Friday, January 26, 2007

On Being Partisan

By PAUL KRUGMAN

Published: January 26, 2007
The New York Times

American politics is ugly these days, and many people wish things were different. For example, Barack Obama recently lamented the fact that “politics has become so bitter and partisan” — which it certainly has.

But he then went on to say that partisanship is why “we can’t tackle the big problems that demand solutions. And that’s what we have to change first.” Um, no. If history is any guide, what we need are political leaders willing to tackle the big problems despite bitter partisan opposition. If all goes well, we’ll eventually have a new era of bipartisanship — but that will be the end of the story, not the beginning.

Or to put it another way: what we need now is another F.D.R., not another Dwight Eisenhower.

You see, the nastiness of modern American politics isn’t the result of a random outbreak of bad manners. It’s a symptom of deeper factors — mainly the growing polarization of our economy. And history says that we’ll see a return to bipartisanship only if and when that economic polarization is reversed.

After all, American politics has been nasty in the past. Before the New Deal, America was a nation with a vast gap between the rich and everyone else, and this gap was reflected in a sharp political divide. The Republican Party, in effect, represented the interests of the economic elite, and the Democratic Party, in an often confused way, represented the populist alternative.

In that divided political system, the Democrats probably came much closer to representing the interests of the typical American. But the G.O.P.’s advantage in money, and the superior organization that money bought, usually allowed it to dominate national politics. “I am not a member of any organized party,” Will Rogers said. “I am a Democrat.”
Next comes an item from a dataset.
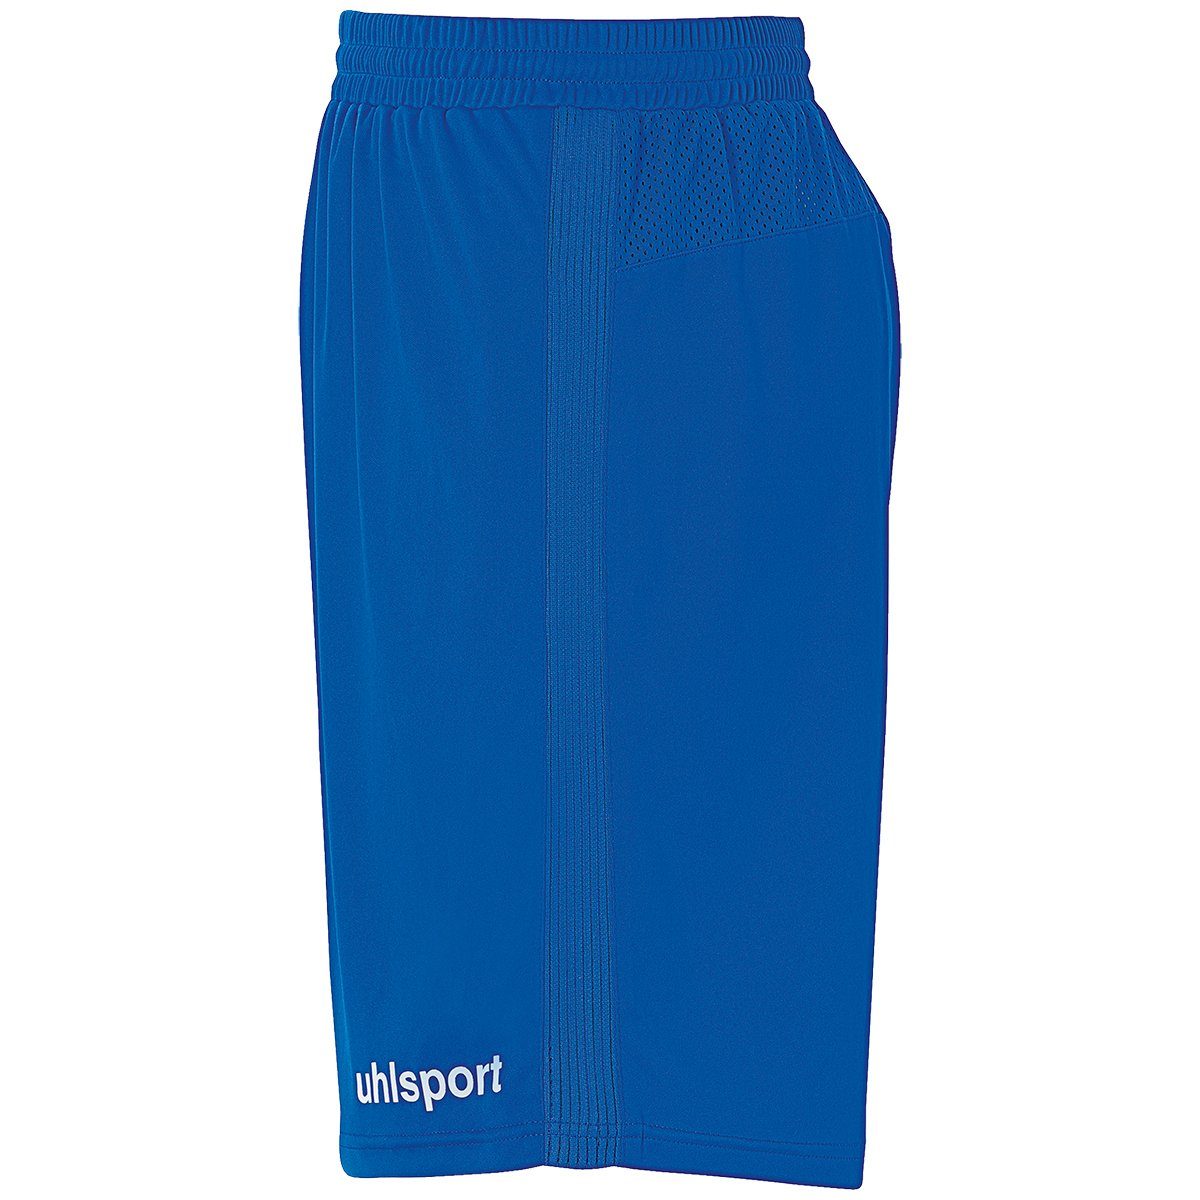 azurblau/weiß PERFORMANCE SHORTS uhlsport Shorts uhlsport Shorts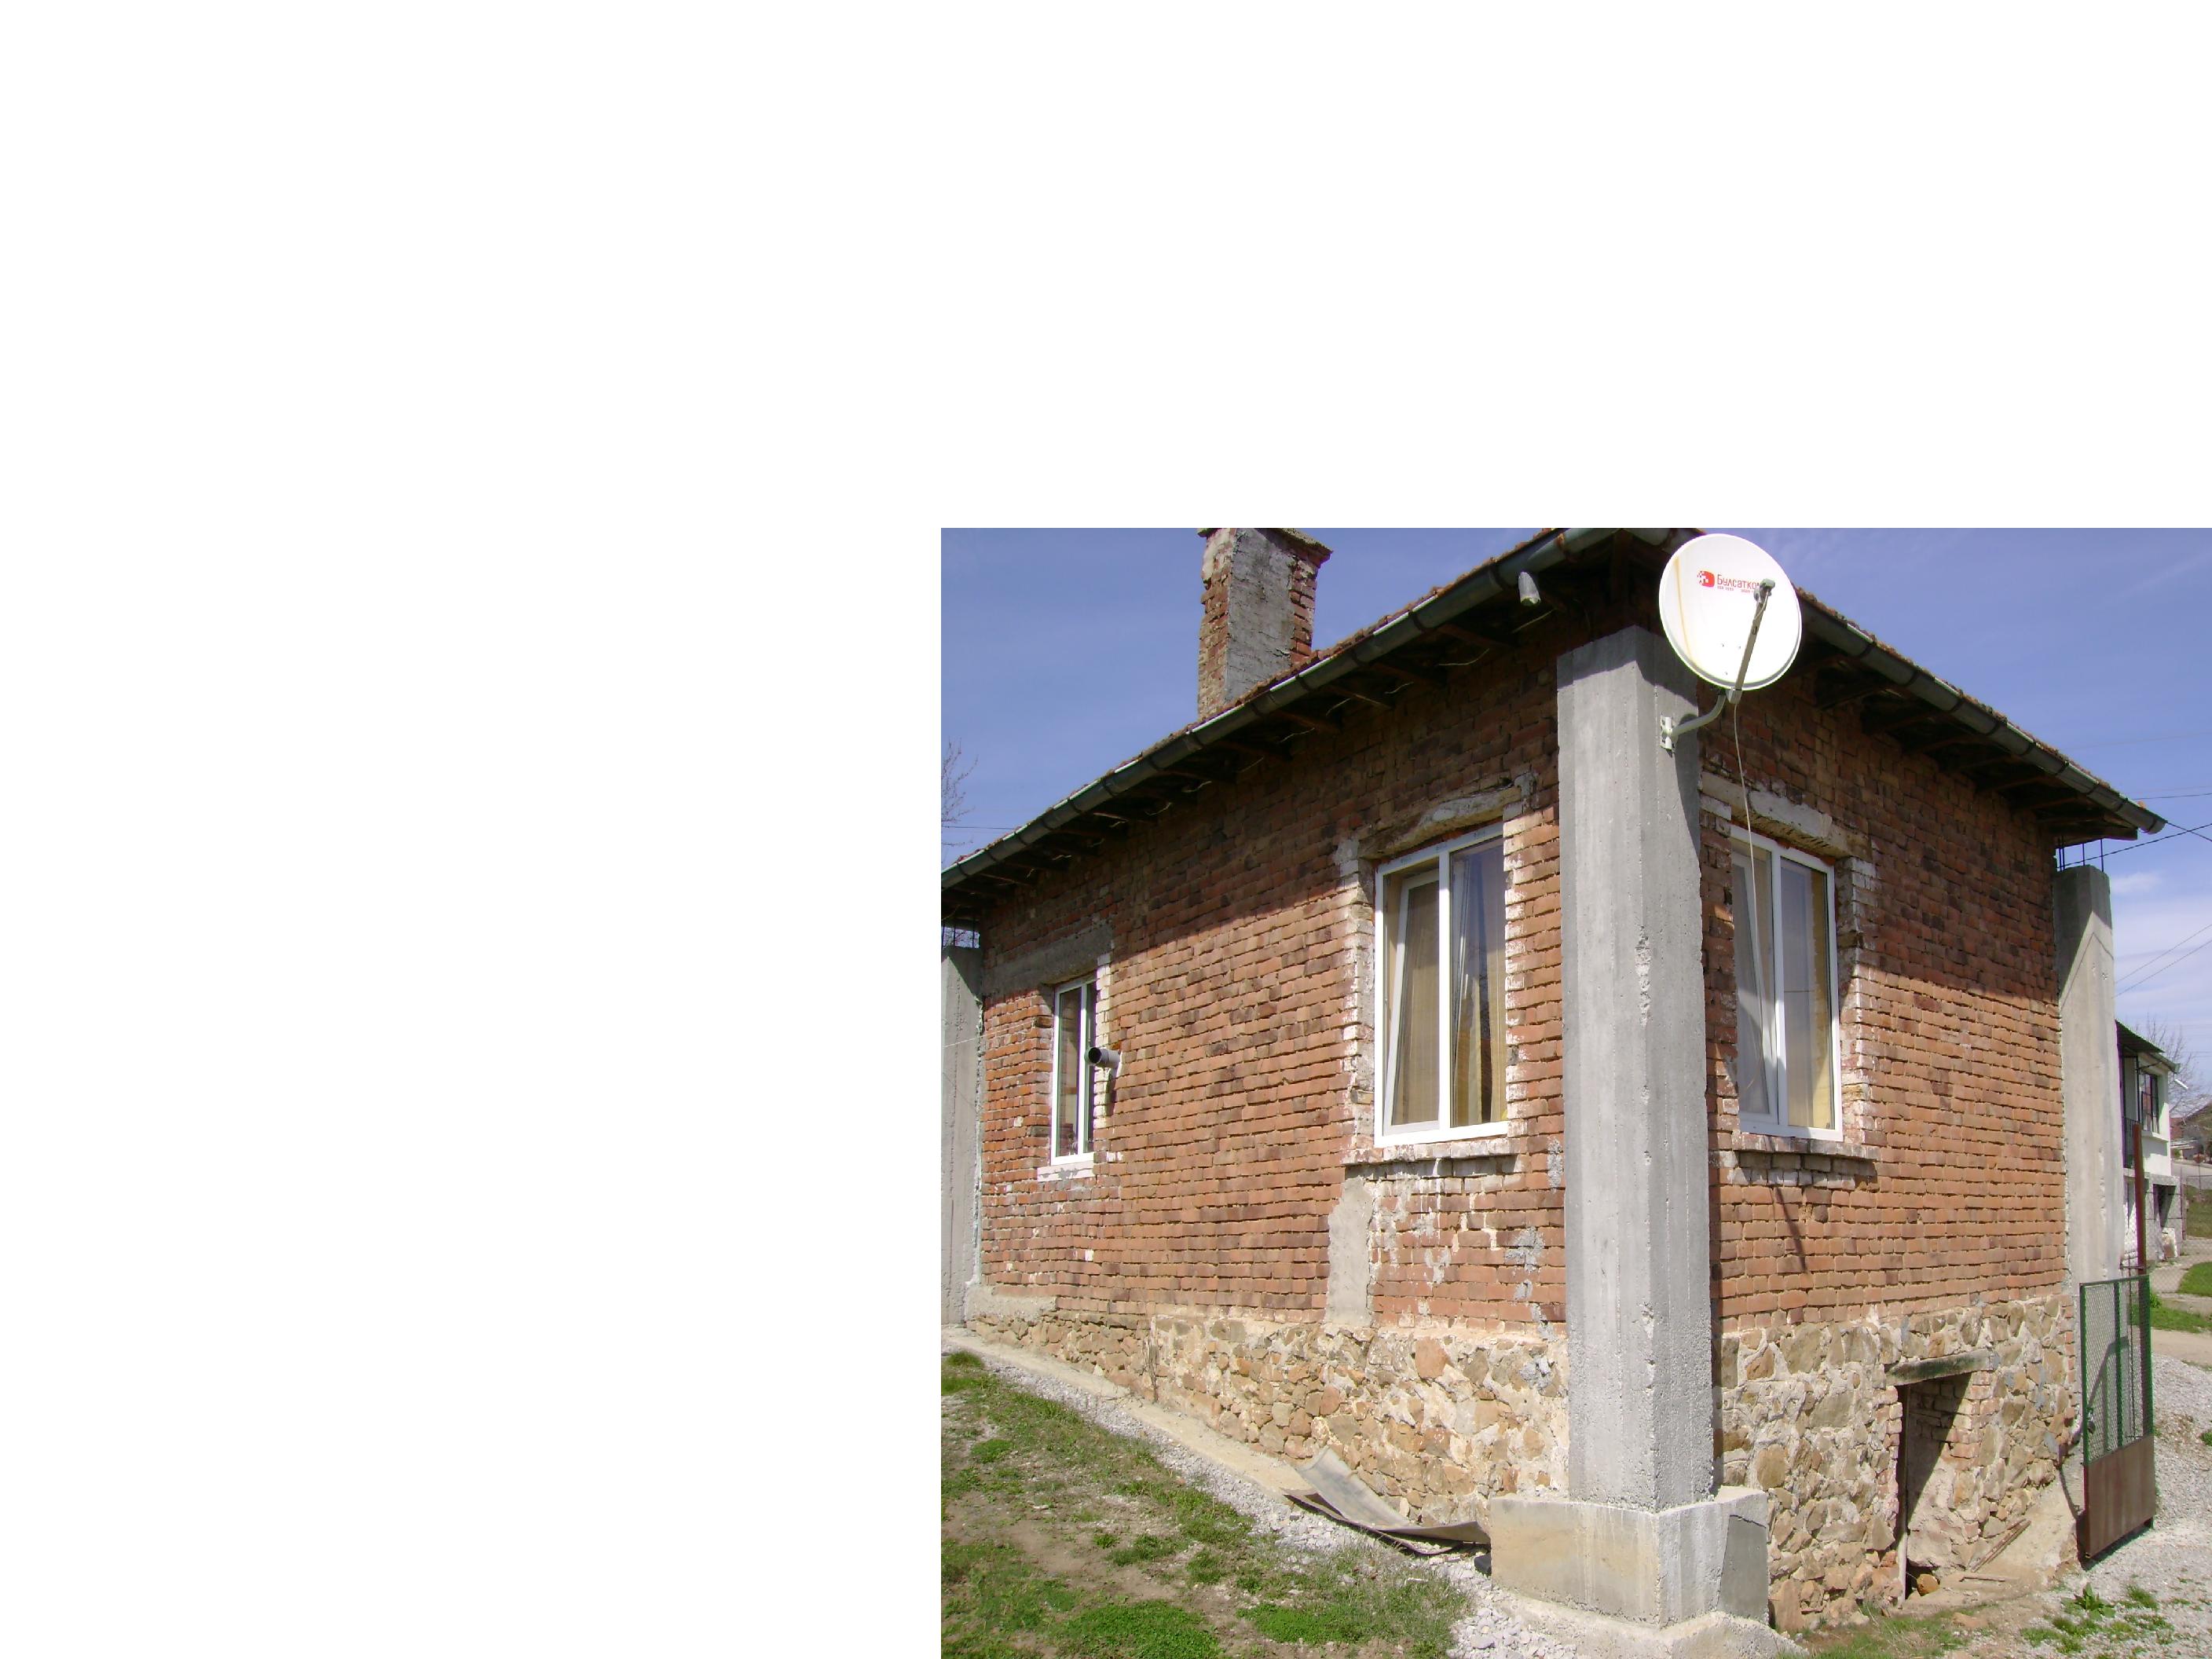 Къща, селскостопански постройки и дворно място на 23 км от София - целогодишен достъп

Then came the New Deal. I urge Mr. Obama — and everyone else who thinks that good will alone is enough to change the tone of our politics — to read the speeches of Franklin Delano Roosevelt, the quintessential example of a president who tackled big problems that demanded solutions.

For the fact is that F.D.R. faced fierce opposition as he created the institutions — Social Security, unemployment insurance, more progressive taxation and beyond — that helped alleviate inequality. And he didn’t shy away from confrontation.

“We had to struggle,” he declared in 1936, “with the old enemies of peace — business and financial monopoly, speculation, reckless banking, class antagonism, sectionalism, war profiteering. ... Never before in all our history have these forces been so united against one candidate as they stand today. They are unanimous in their hate for me — and I welcome their hatred.”

It was only after F.D.R. had created a more equal society, and the old class warriors of the G.O.P. were replaced by “modern Republicans” who accepted the New Deal, that bipartisanship began to prevail.

The history of the last few decades has basically been the story of the New Deal in reverse. Income inequality has returned to levels not seen since the pre-New Deal era, and so have political divisions in Congress as the Republicans have moved right, once again becoming the party of the economic elite. The signature domestic policy initiatives of the Bush administration have been attempts to undo F.D.R.’s legacy, from slashing taxes on the rich to privatizing Social Security. And a bitter partisan gap has opened up between the G.O.P. and Democrats, who have tried to defend that legacy.

What about the smear campaigns, like Karl Rove’s 2005 declaration that after 9/11 liberals wanted to “offer therapy and understanding for our attackers”? Well, they’re reminiscent of the vicious anti-Catholic propaganda used to defeat Al Smith in 1928: smear tactics are what a well-organized, well-financed party with a fundamentally unpopular domestic agenda uses to change the subject.

So am I calling for partisanship for its own sake? Certainly not. By all means pass legislation, if you can, with plenty of votes from the other party: the Social Security Act of 1935 received 77 Republican votes in the House, about the same as the number of Republicans who recently voted for a minimum wage increase.

But politicians who try to push forward the elements of a new New Deal, especially universal health care, are sure to face the hatred of a large bloc on the right — and they should welcome that hatred, not fear it.